A covered entity also must provide access in the manner requested by the individual, which includes arranging with the individual for a convenient time and place to pick up a copy of the PHI or to inspect the PHI, or to have a copy of the PHI mailed or e-mailed, or otherwise transferred or transmitted to the individual to the extent the copy would be readily producible in such a manner.  Whether a particular mode of transmission or transfer is readily producible will be based on the capabilities of the covered entity and the level of security risk that the mode of transmission or transfer may introduce to the PHI on the covered entity’s systems.  A covered entity is not expected to tolerate unacceptable levels of risk to the security of the PHI on its systems in responding to requests for access; whether the individual’s requested mode of transfer or transmission presents such an unacceptable level of risk will depend on the covered entity’s Security Rule risk analysis. However, mail and e-mail are generally considered readily producible by all covered entities.  It is expected that all covered entities have the capability to transmit PHI by mail or e-mail (except in the limited case where e-mail cannot accommodate the file size of requested images), and transmitting PHI in such a manner does not present unacceptable security risks to the systems of covered entities, even though there may be security risks to the PHI while in transit (such as where an individual has requested to receive her PHI by, and accepted the risks associated with, unencrypted e-mail).  

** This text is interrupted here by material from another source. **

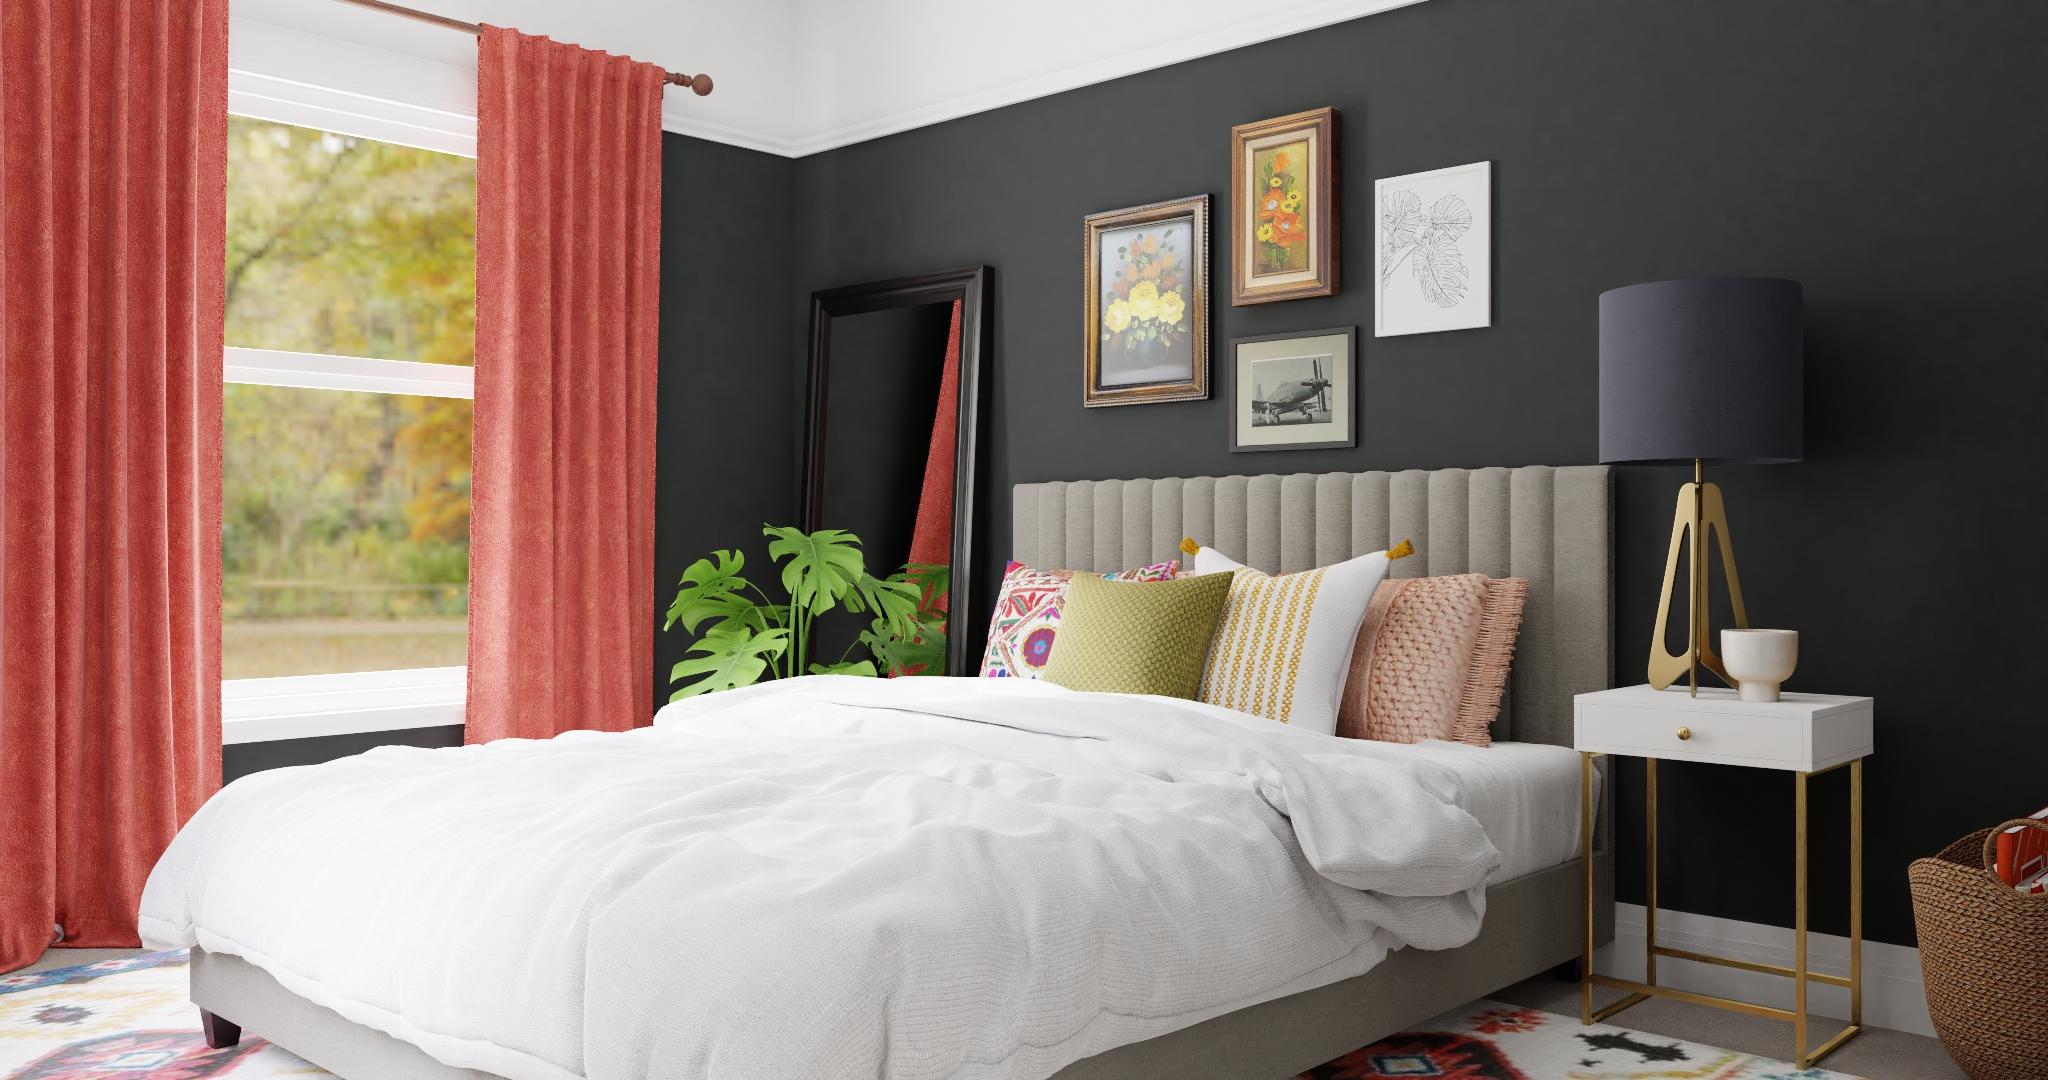 Black & Grapefruit: Eclectic Transitional Bedroom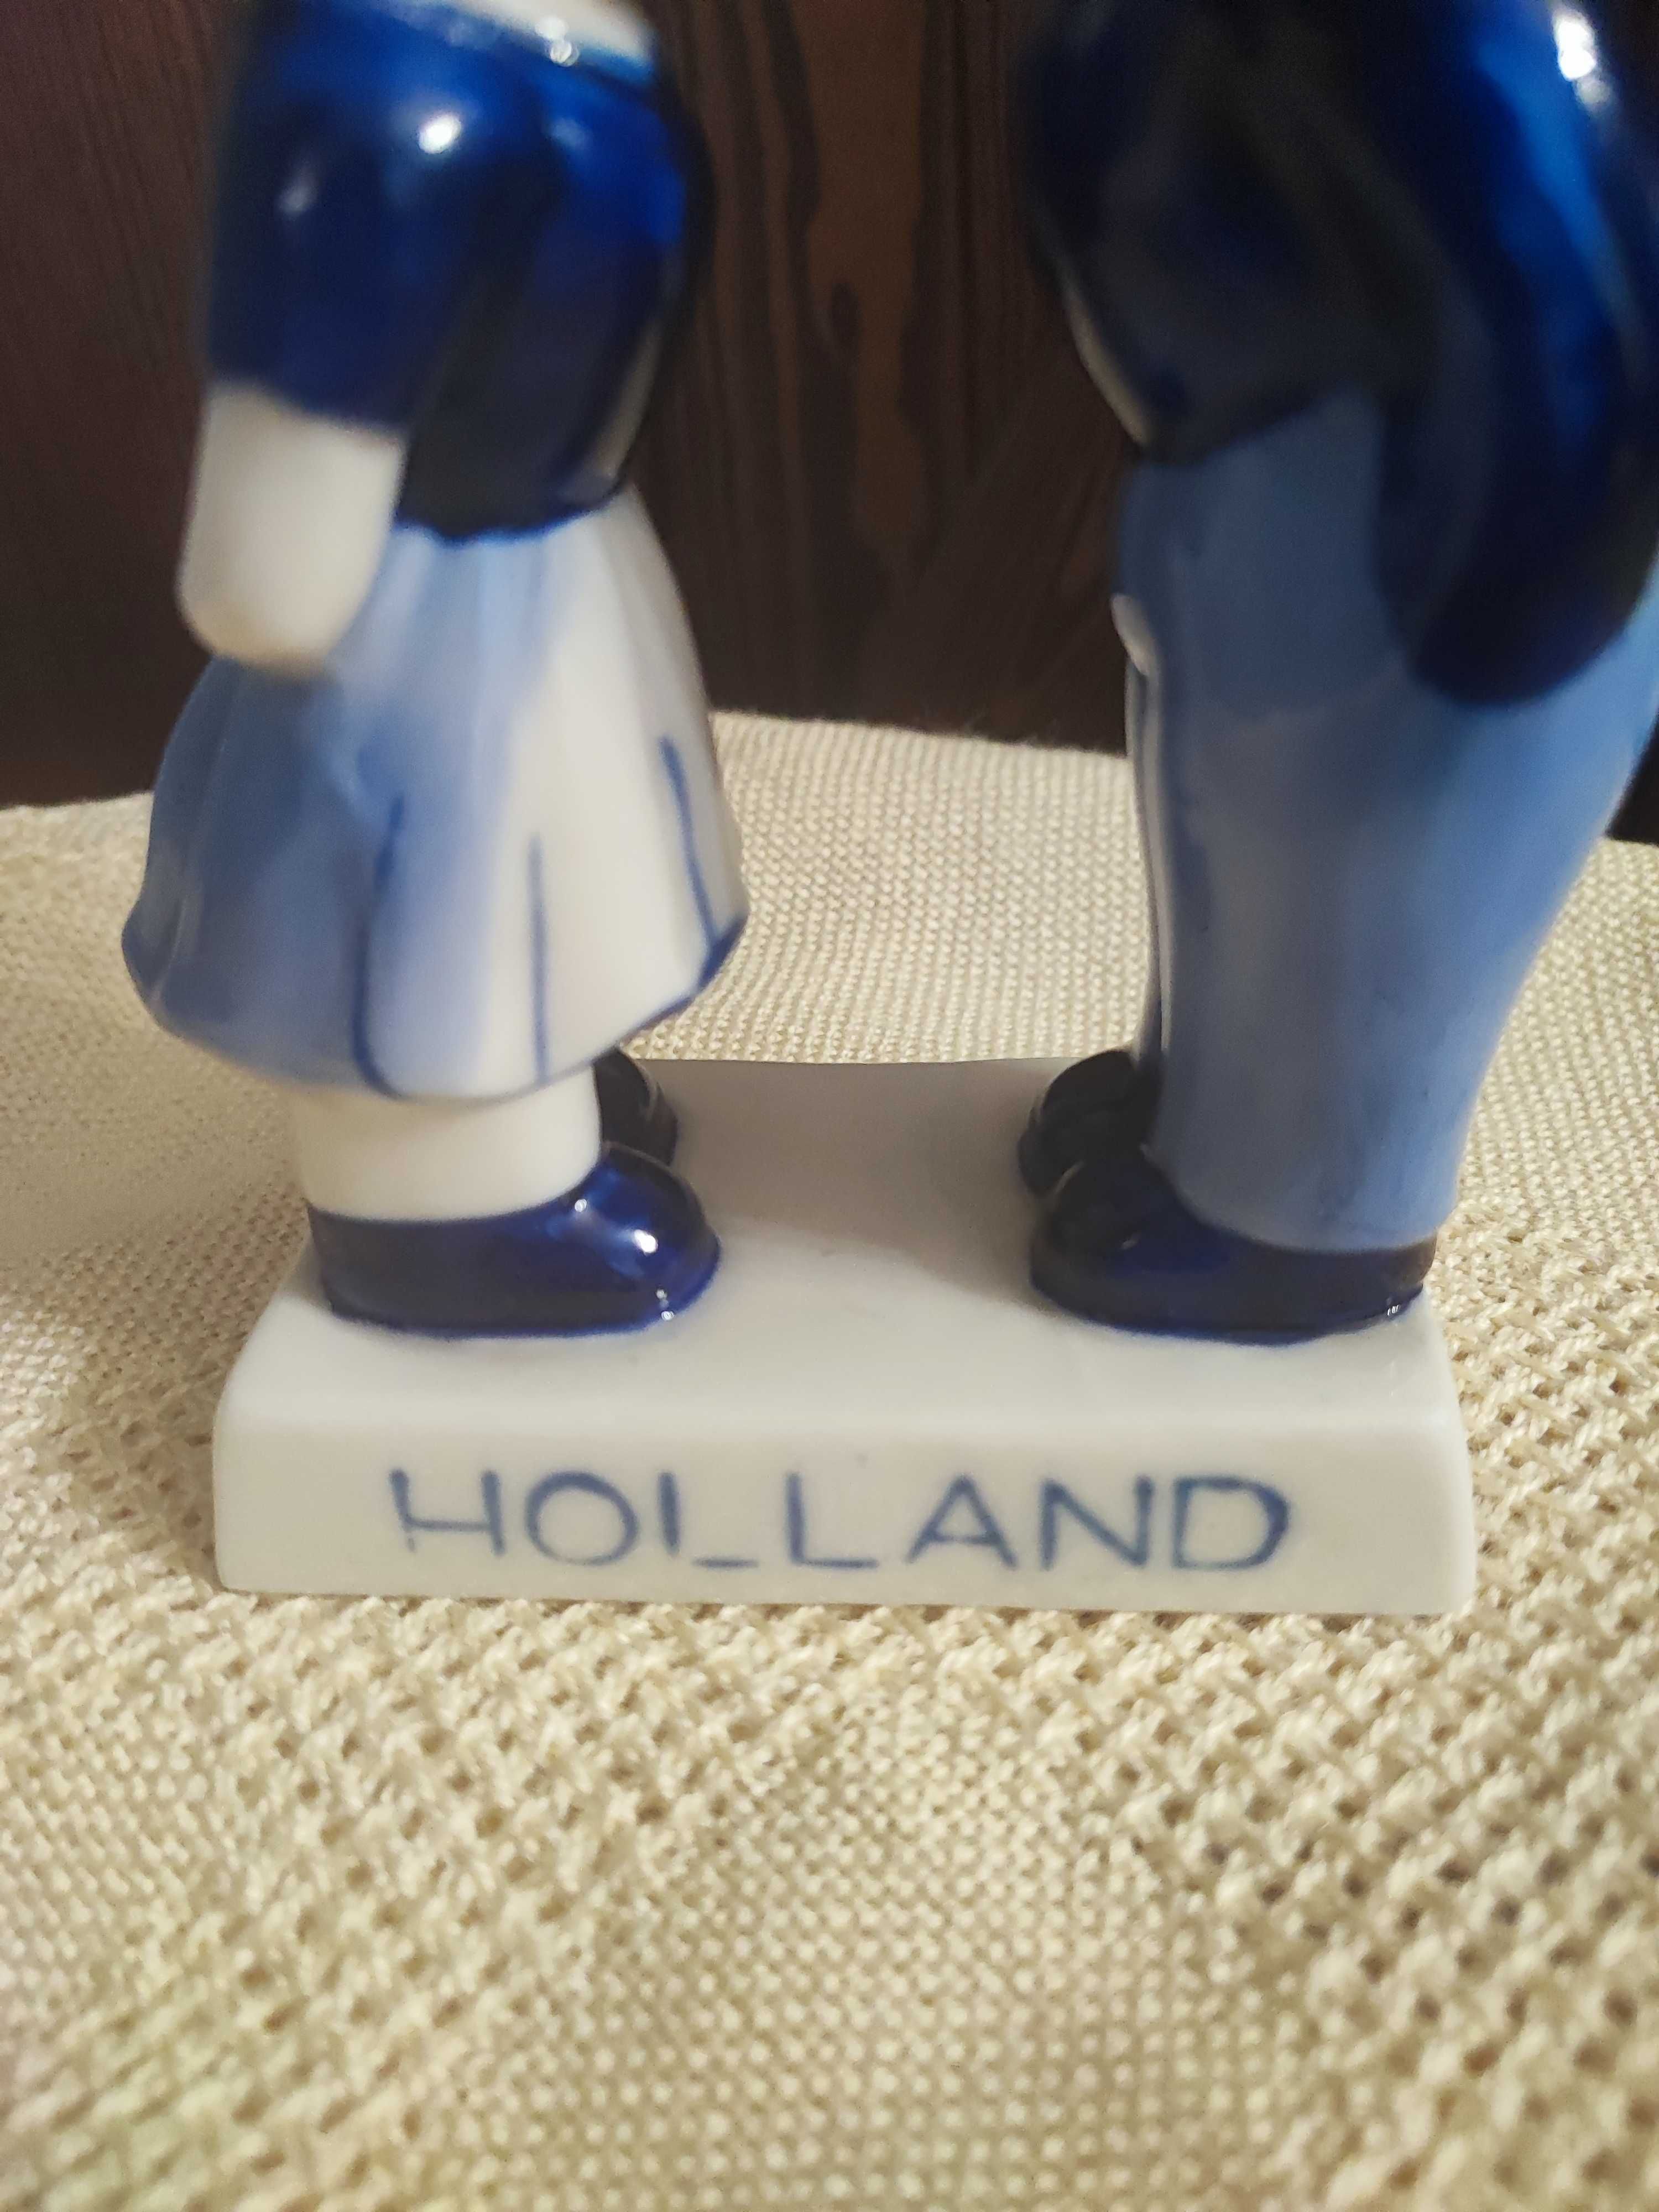 Duża figurka porcelana holenderska dzieci

In providing access to the individual, a covered entity must provide access to the PHI requested, in whole, or in part, no later than 30 calendar days from receiving the individual’s request. The 30 calendar days is an outer limit and covered entities are encouraged to respond as soon as possible.  Indeed, a covered entity may have the capacity to provide individuals with almost instantaneous or very prompt electronic access to the PHI requested through personal health records, web portals, or similar electronic means. If a covered entity is unable to provide access within 30 calendar days the covered entity may extend the time by no more than an additional 30 days.  To extend the time, the covered entity must, within the initial 30 days, inform the individual in writing of the reasons for the delay and the date by which the covered entity will provide access.  Only one extension is permitted per access request.

The Privacy Rule permits a covered entity to impose a reasonable, cost-based fee if the individual requests a copy of the PHI (or agrees to receive a summary or explanation of the information).  The fee may include only the cost of: (1) labor for copying the PHI requested by the individual, whether in paper or electronic form; (2) supplies for creating the paper copy or electronic media (e.g., CD or USB drive) if the individual requests that the electronic copy be provided on portable media; (3) postage, when the individual requests that the copy, or the summary or explanation, be mailed; and (4) preparation of an explanation or summary of the PHI, if agreed to by the individual. The fee may not include costs associated with verification; documentation; searching for and retrieving the PHI; maintaining systems; recouping capital for data access, storage, or infrastructure; or other costs not listed above even if such costs are authorized by State law.

Under certain limited circumstances, a covered entity may deny an individual’s request for access to all or a portion of the PHI requested.  Most of these may not be germane to the DC.  Review the source article for specific examples.

An individual also has a right to direct the covered entity to transmit the PHI about the individual directly to another person or entity designated by the individual.  The individual’s request to direct the PHI to another person must be in writing, signed by the individual, and clearly identify the designated person and where to send the PHI.  A covered entity may accept an electronic copy of a signed request (e.g., PDF), as well as an electronically executed request (e.g., via a secure web portal) that includes an electronic signature.  

State laws that provide individuals with greater rights of access to their PHI than the Privacy Rule, or that are not contrary to the Privacy Rule, are not preempted by HIPAA and thus still apply.